Instructions to follow.
Write out the line with "happy pongal wishes image eid milad un nabi happy happy" and every later line through the end of the data below, exactly as given, with no pictures in the copy.

Records excerpted from a collection.
-- Opening Marker --

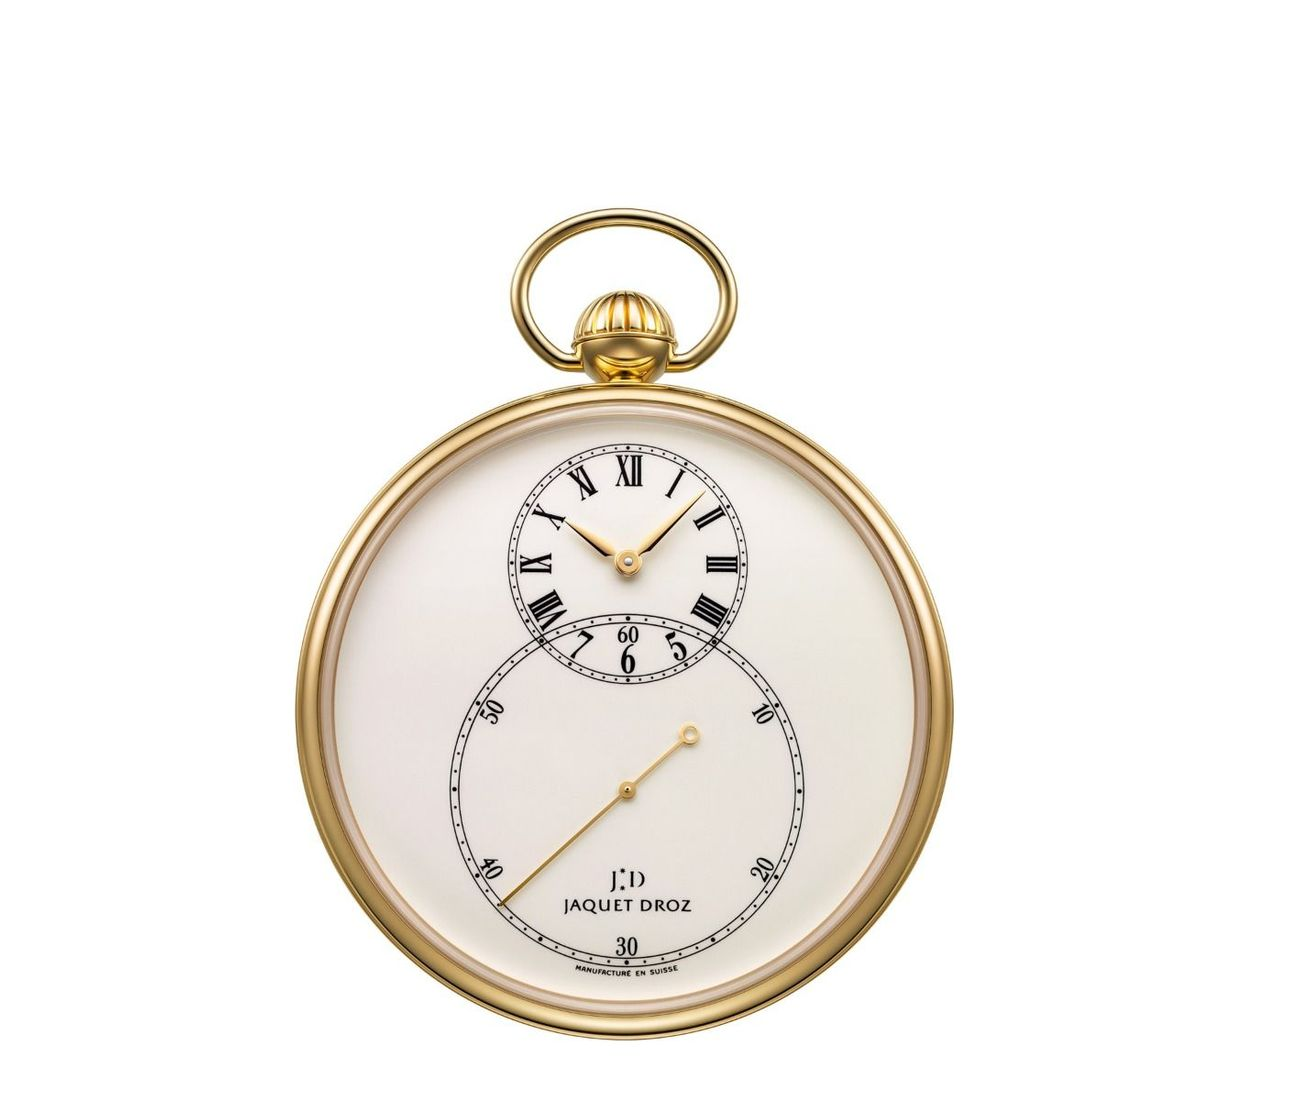 The Pocket Watch Ivory Enamel
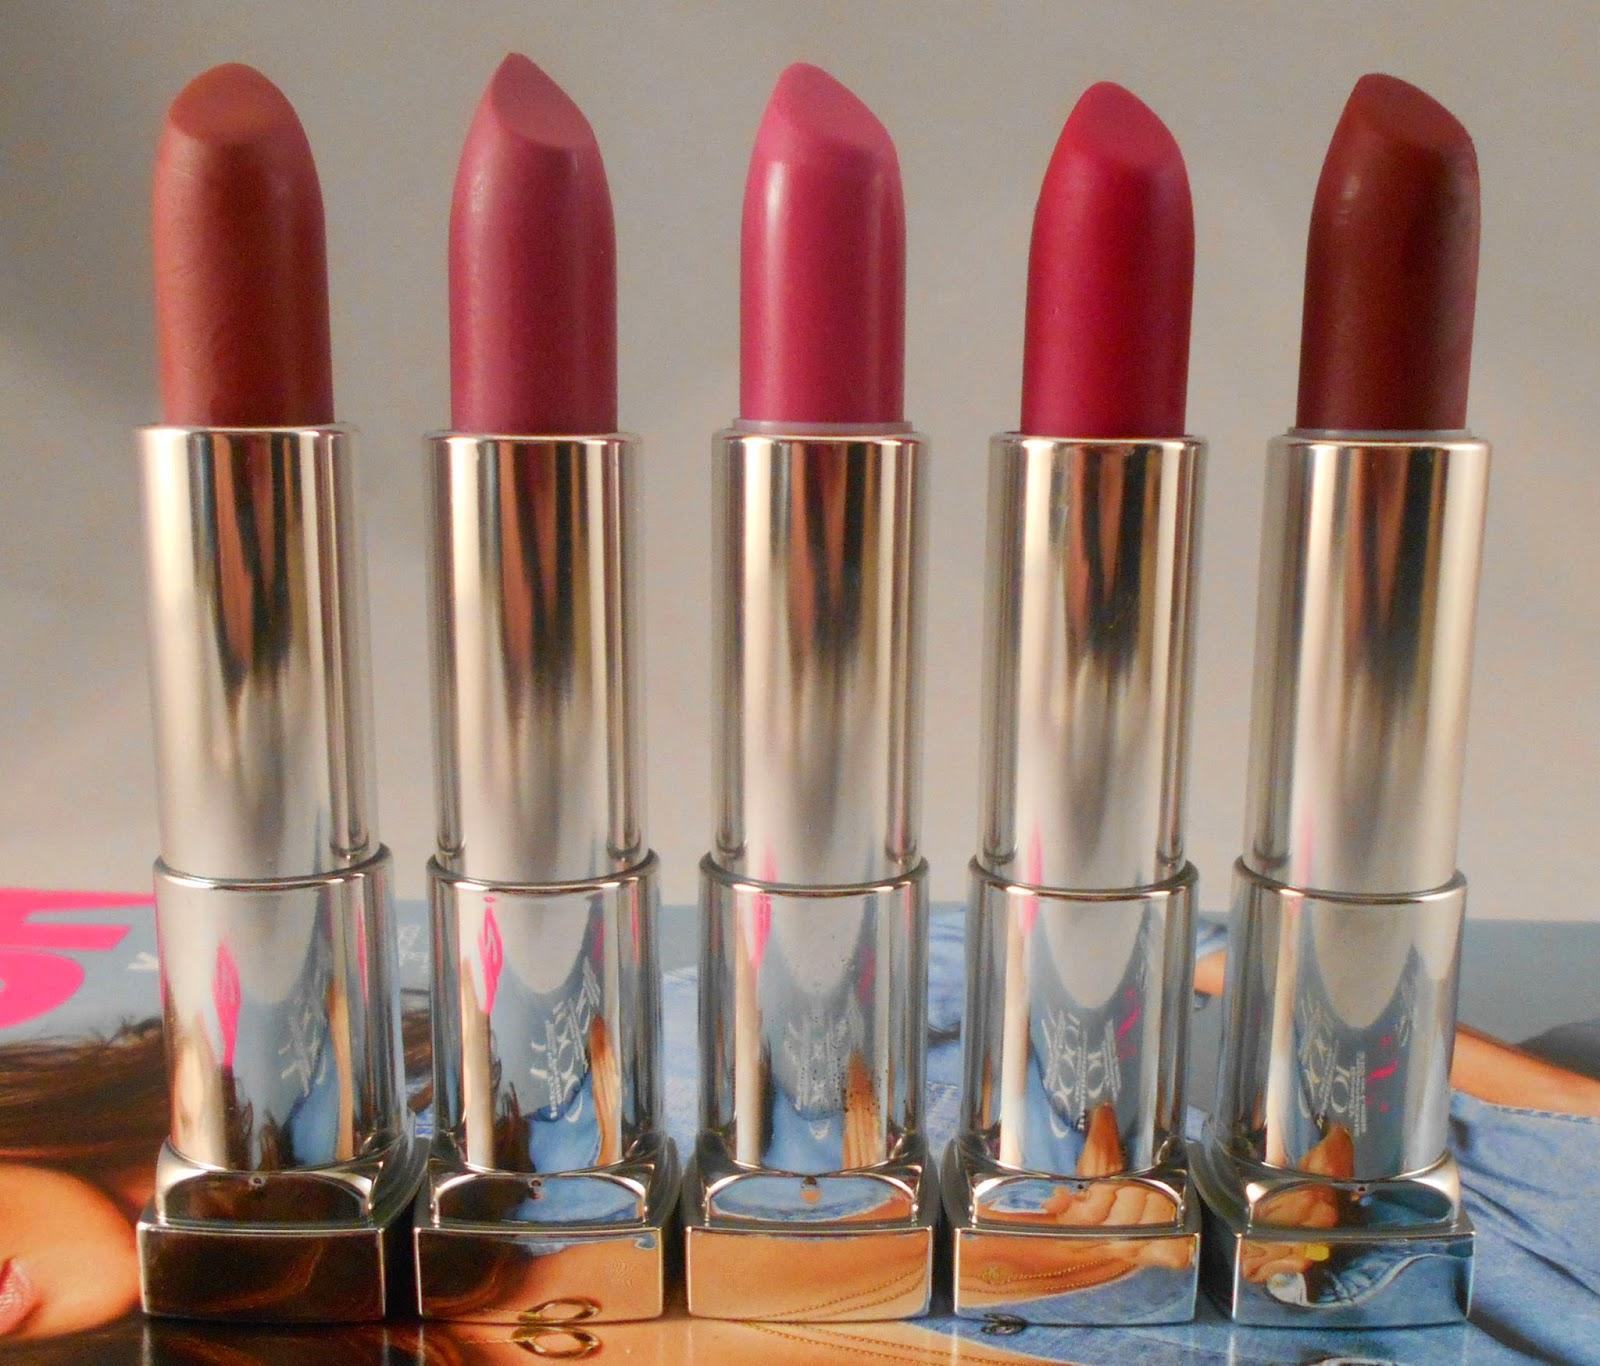 Maybelline Color Sensational Creamy Mattes Lipsticks
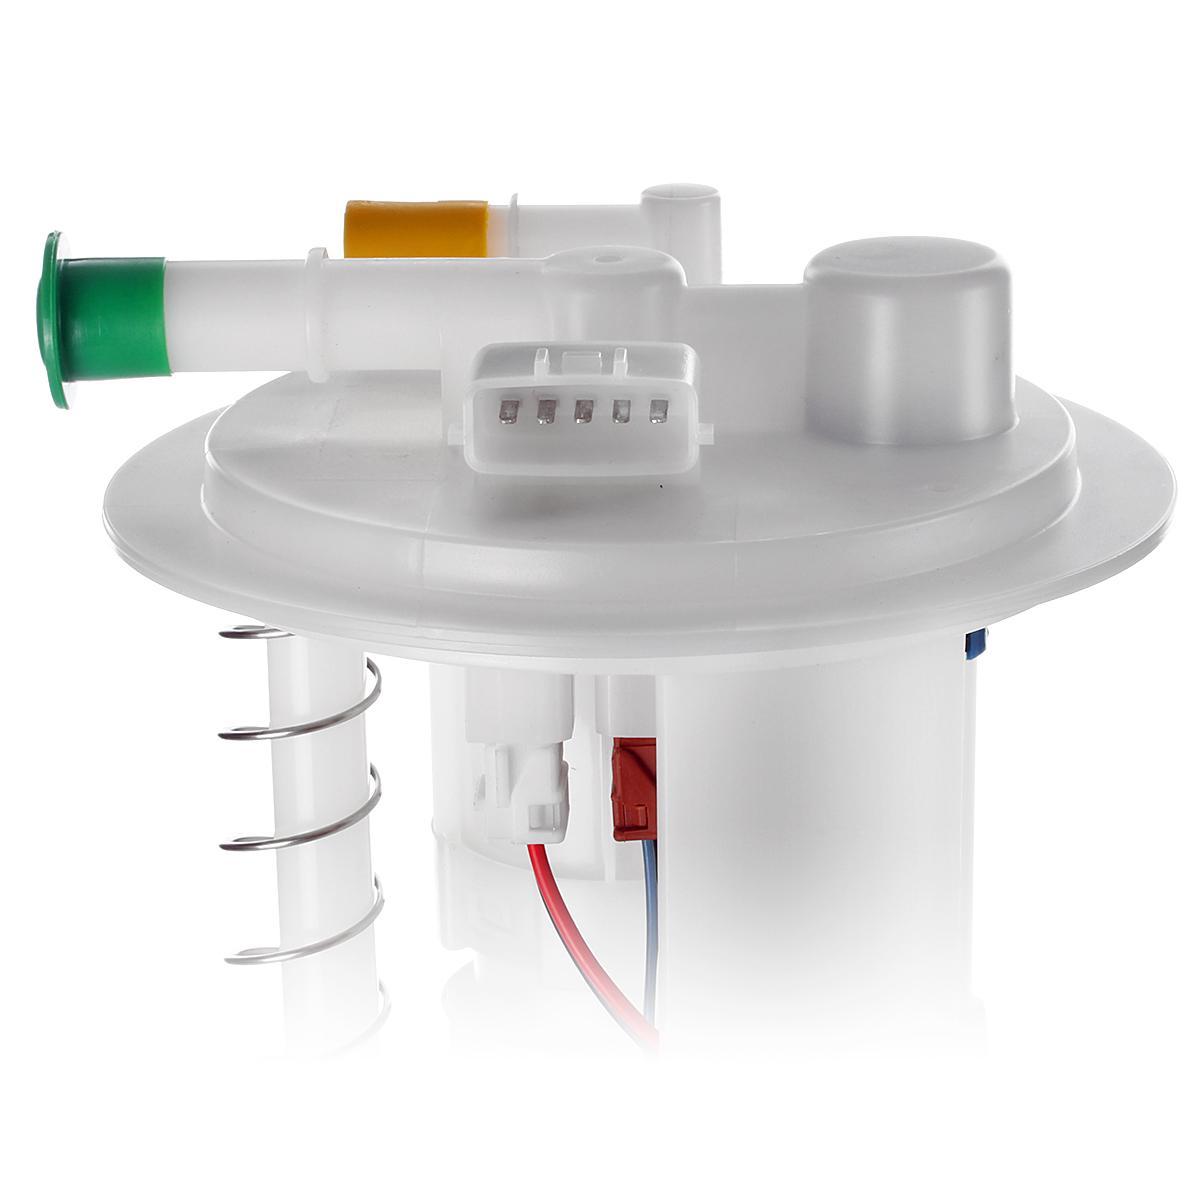 E8743m Fuel Pump Assembly For Nissan Frontier Pathfinder Xterra Suzuki Equator Ebay
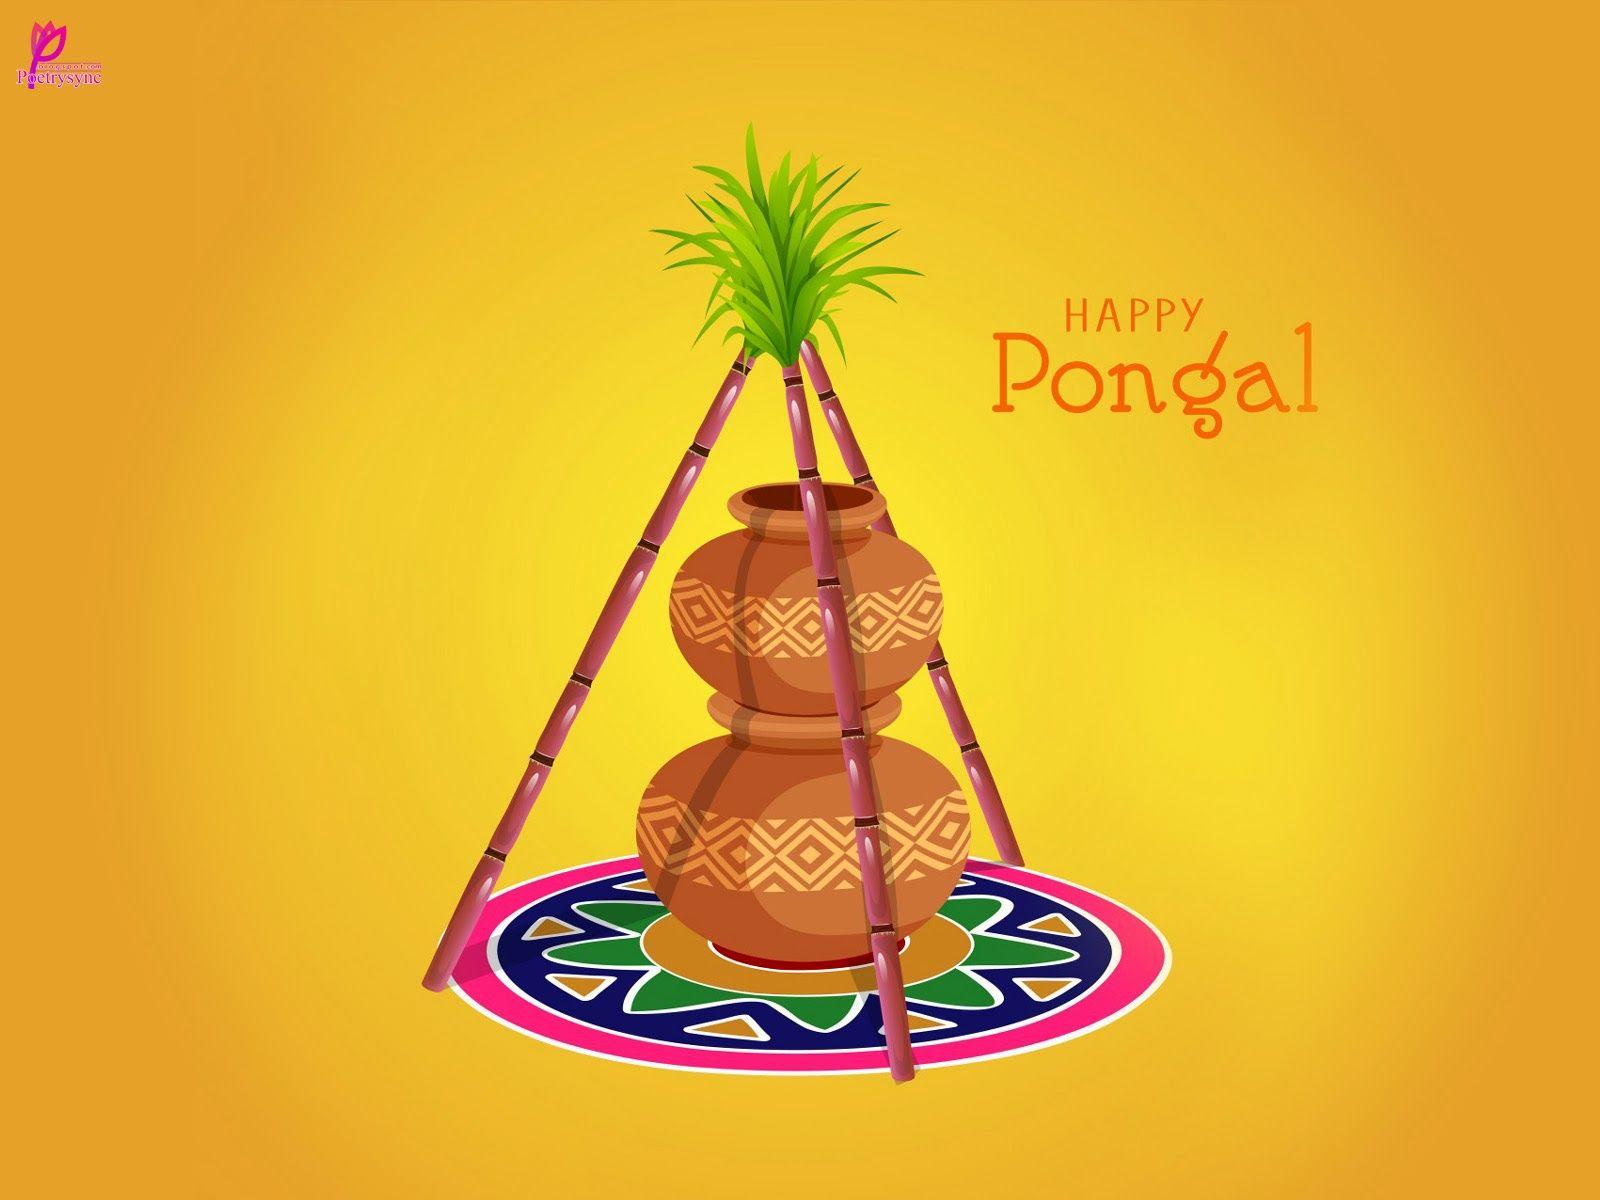 happy pongal wishes image eid milad un nabi happy happy pongal wishes image eid milad un nabi happy pongal hindu festivals and
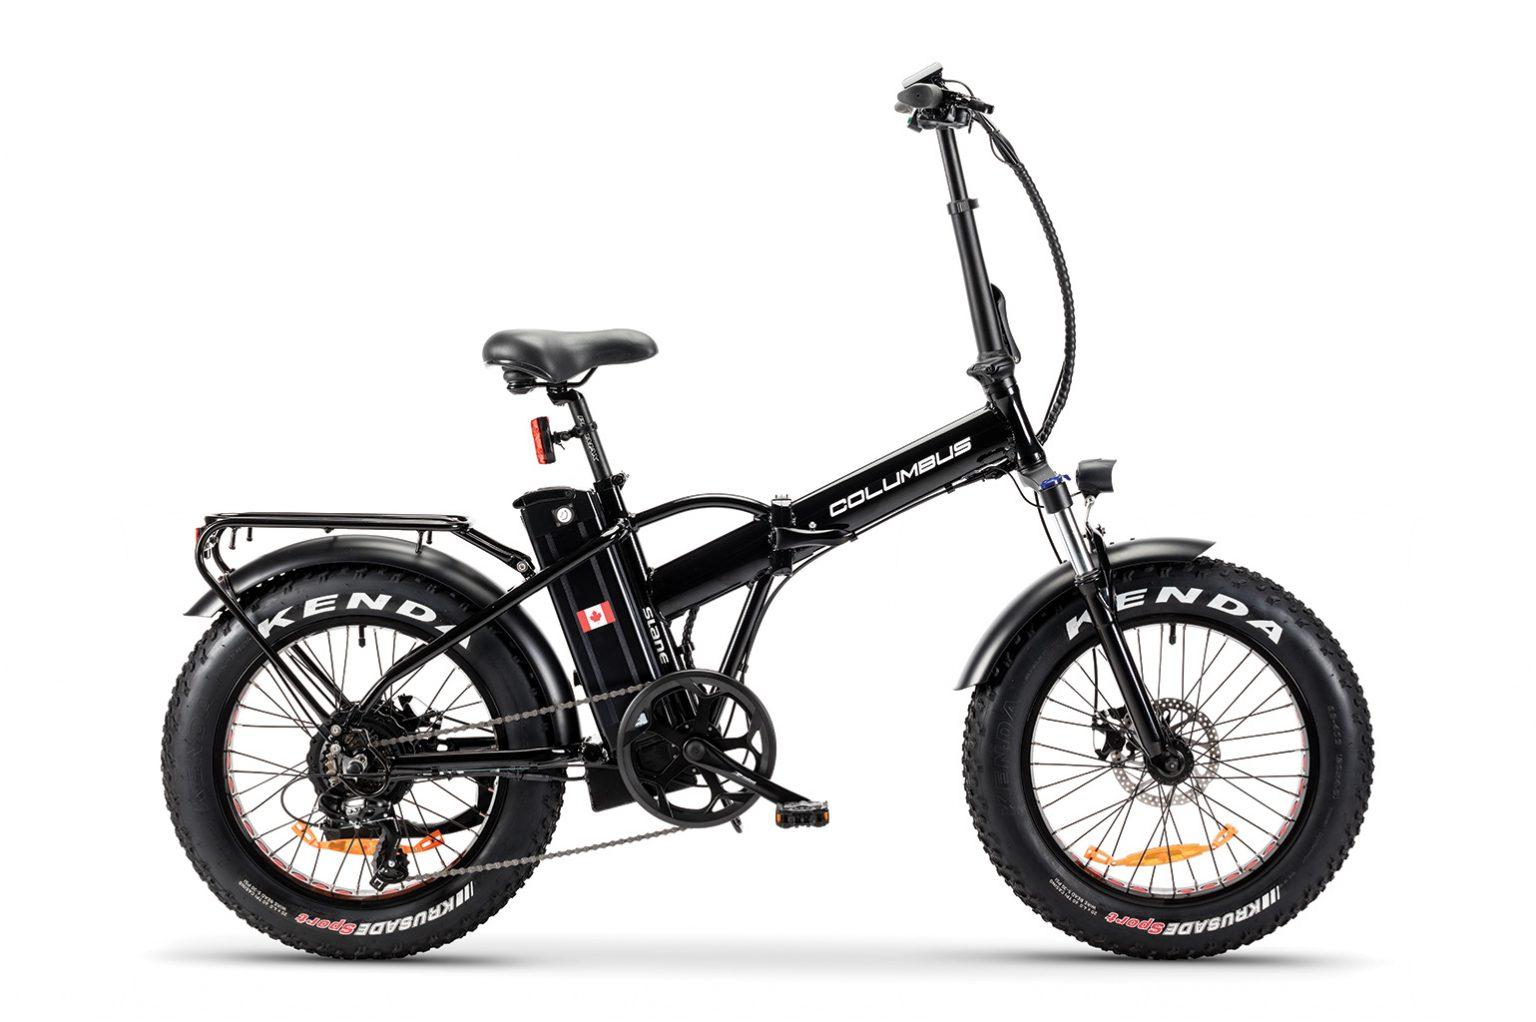 The Slane Columbus E-Bike
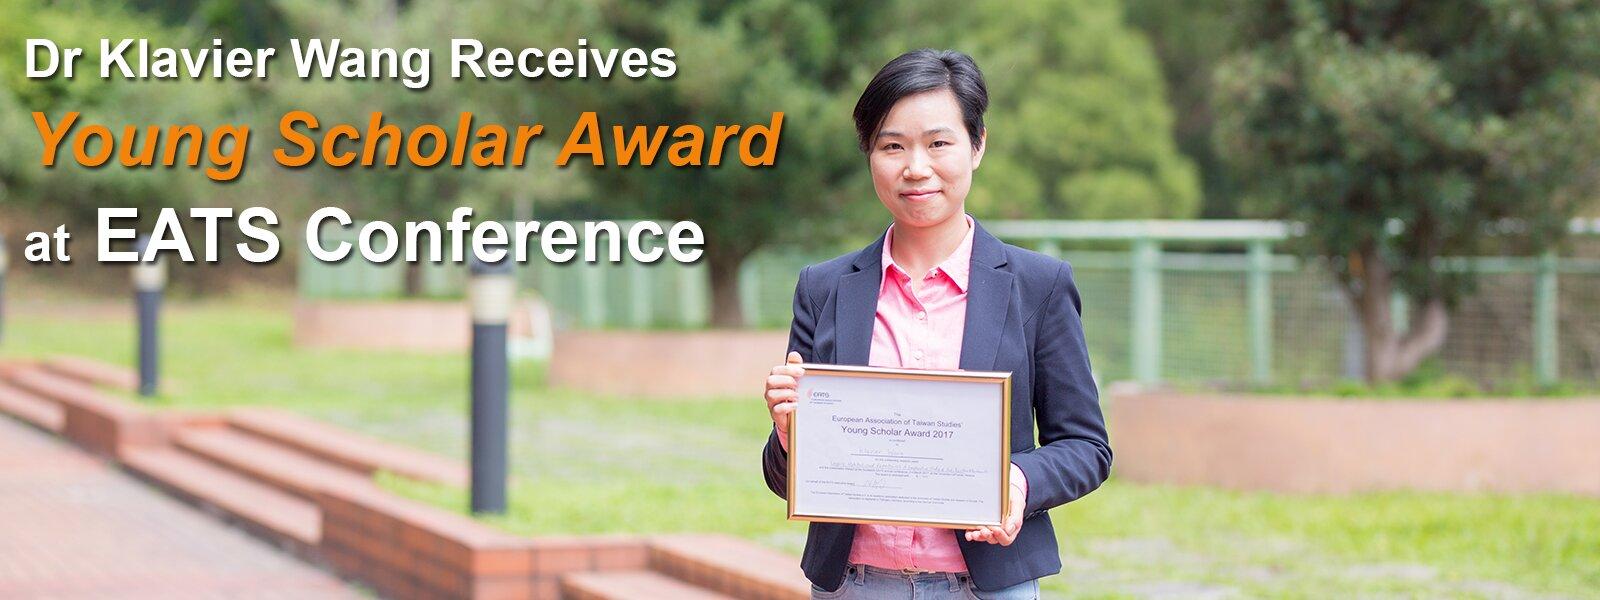 Dr Klavier Wang Receives Young Scholar Award at EATS Conference

-- Closing Marker --

Answer for the task.
 happy pongal wishes image eid milad un nabi happy happy pongal wishes image eid milad un nabi happy pongal hindu festivals and
 The Slane Columbus E-Bike
 Dr Klavier Wang Receives Young Scholar Award at EATS Conference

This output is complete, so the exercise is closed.